Joop Stakenburg , also John , (born January 21, 1928 in Amsterdam , † October 20, 1989 in Ansbach ) was a Dutch cyclist and pacemaker .

Joop Stakenburg was a professional from 1951 to 1963. The greatest success he known at that time was third place at the Dutch Standing Championships. In the “Kraantje Lek” team he drove numerous road races with Jan Derksen, among others . He also used the first name "John" because he found it more international than "Joop".

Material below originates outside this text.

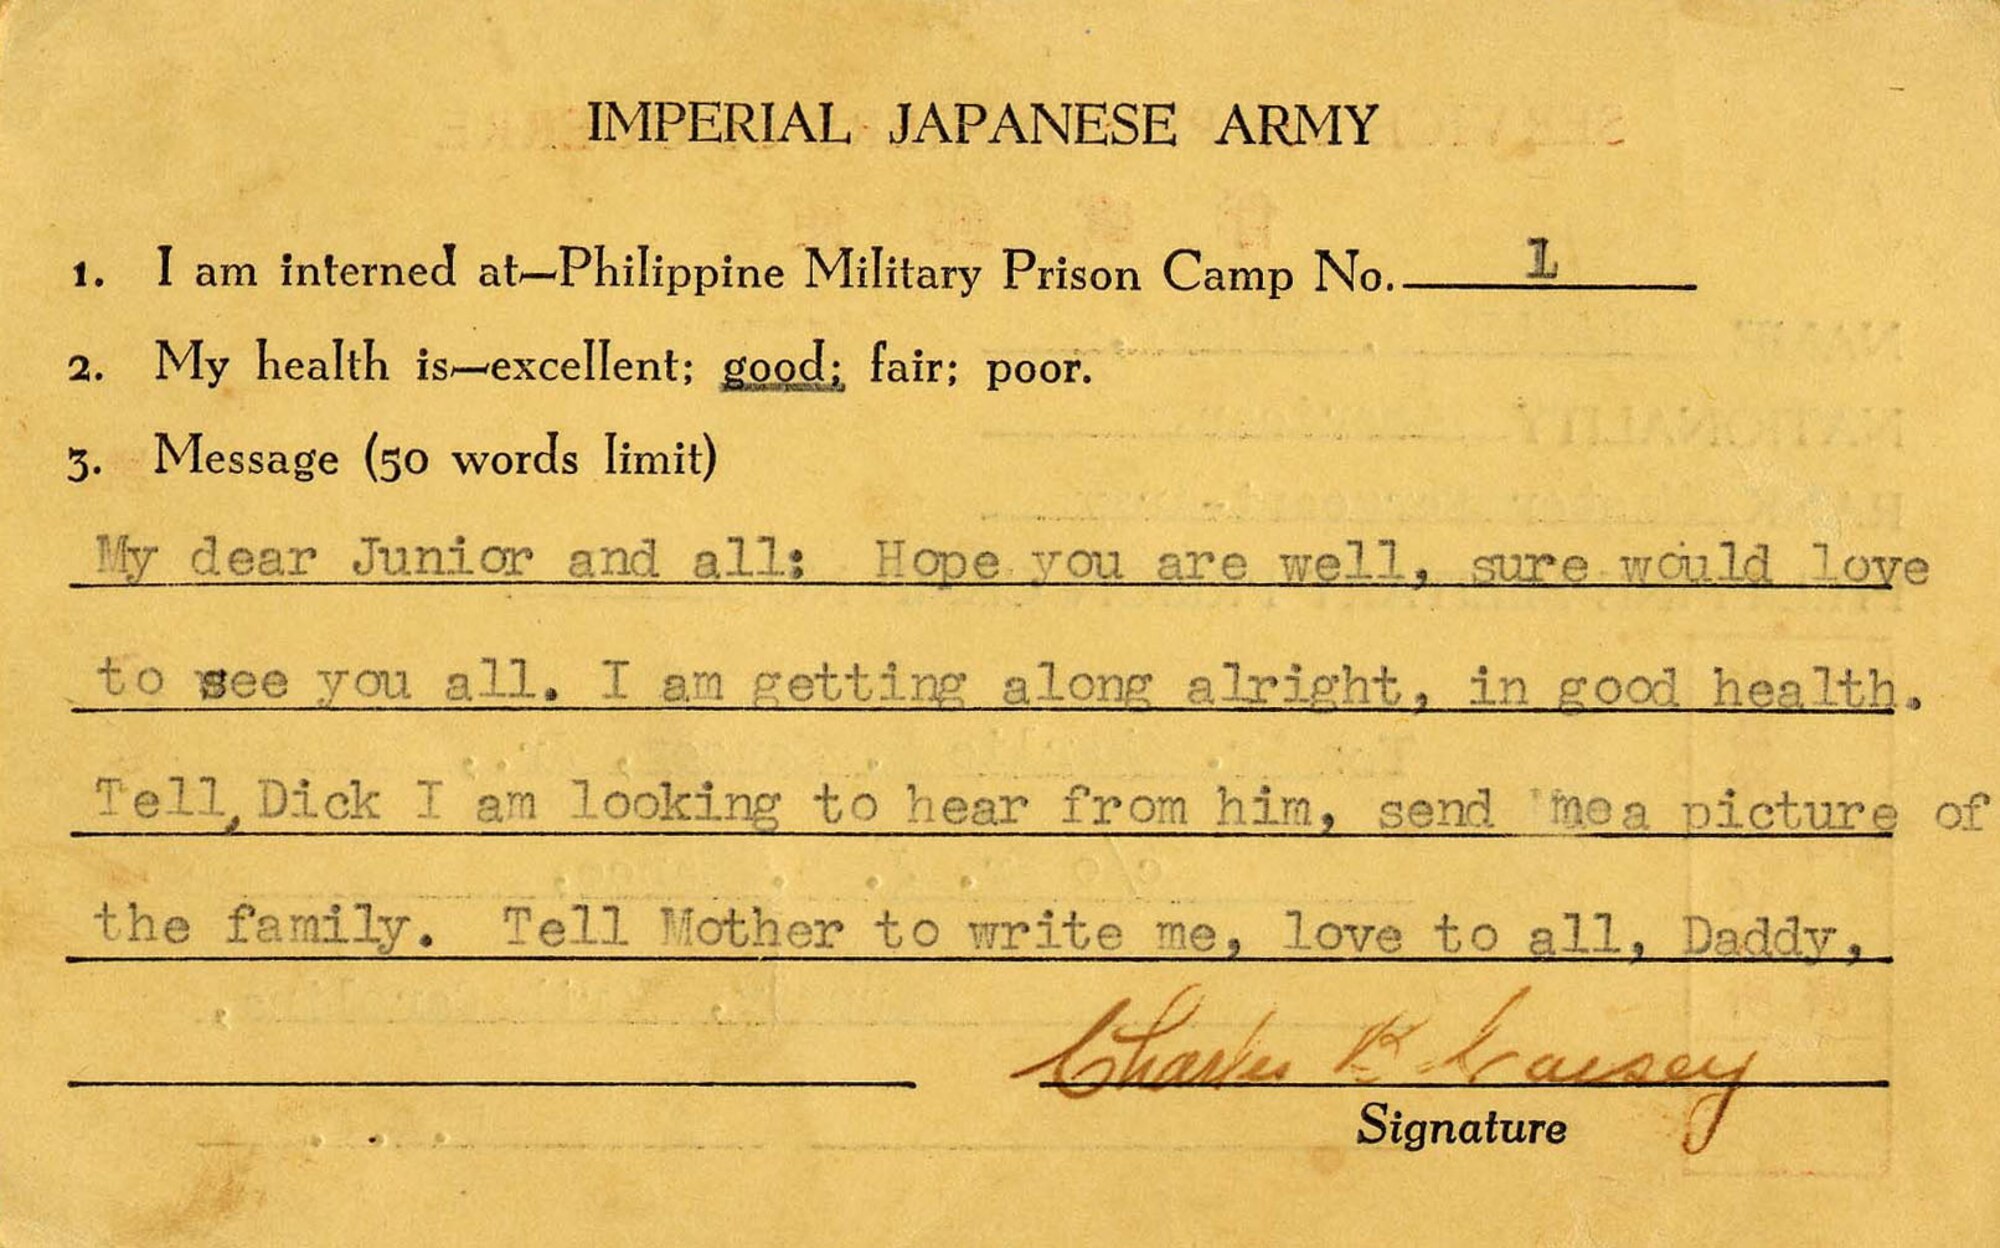 Copy of the only correspondence Causey’s family received from him after his capture. Philippine Military Prison Camp No. 1 was at Cabanatuan. The next letter the family received about Causey was from the War Department to notify them of his loss on the "Arisan Maru." (U.S. Air Force photo)

Stakenburg had greater success as a pacemaker. In 1970 he led his compatriot Cees Stam to his first stayer world championship, still as an amateur . In 1973 and 1974, the two won the standing world championship for professionals together.

On February 2, 1978, Nico Been set an hourly world record behind Stakenburg in the Ferry-Dusika-Hallenstadion in Vienna with 74.272 kilometers . In 1986 Stakenburg led Fred Rompelberg to two new records on the Olympic cycling track in Moscow : over 100 kilometers behind the engine (1: 13.55 hours) and the world hour record (81 kilometers). Rompelberg thus improved his two own records from 1982.

In 1989 Stakenburg was killed in an accident on a motorway in Germany on the way to a bike race. His pacemaker was on the trailer.

Individual evidence

  1. René Jacobs, Hector Mahau, Harry Van Den Bremt, René Pirotte: Velo Gotha . Editions Presses de Belgique, Brussels 1984, OCLC 64116466 , p. 720 (Dutch).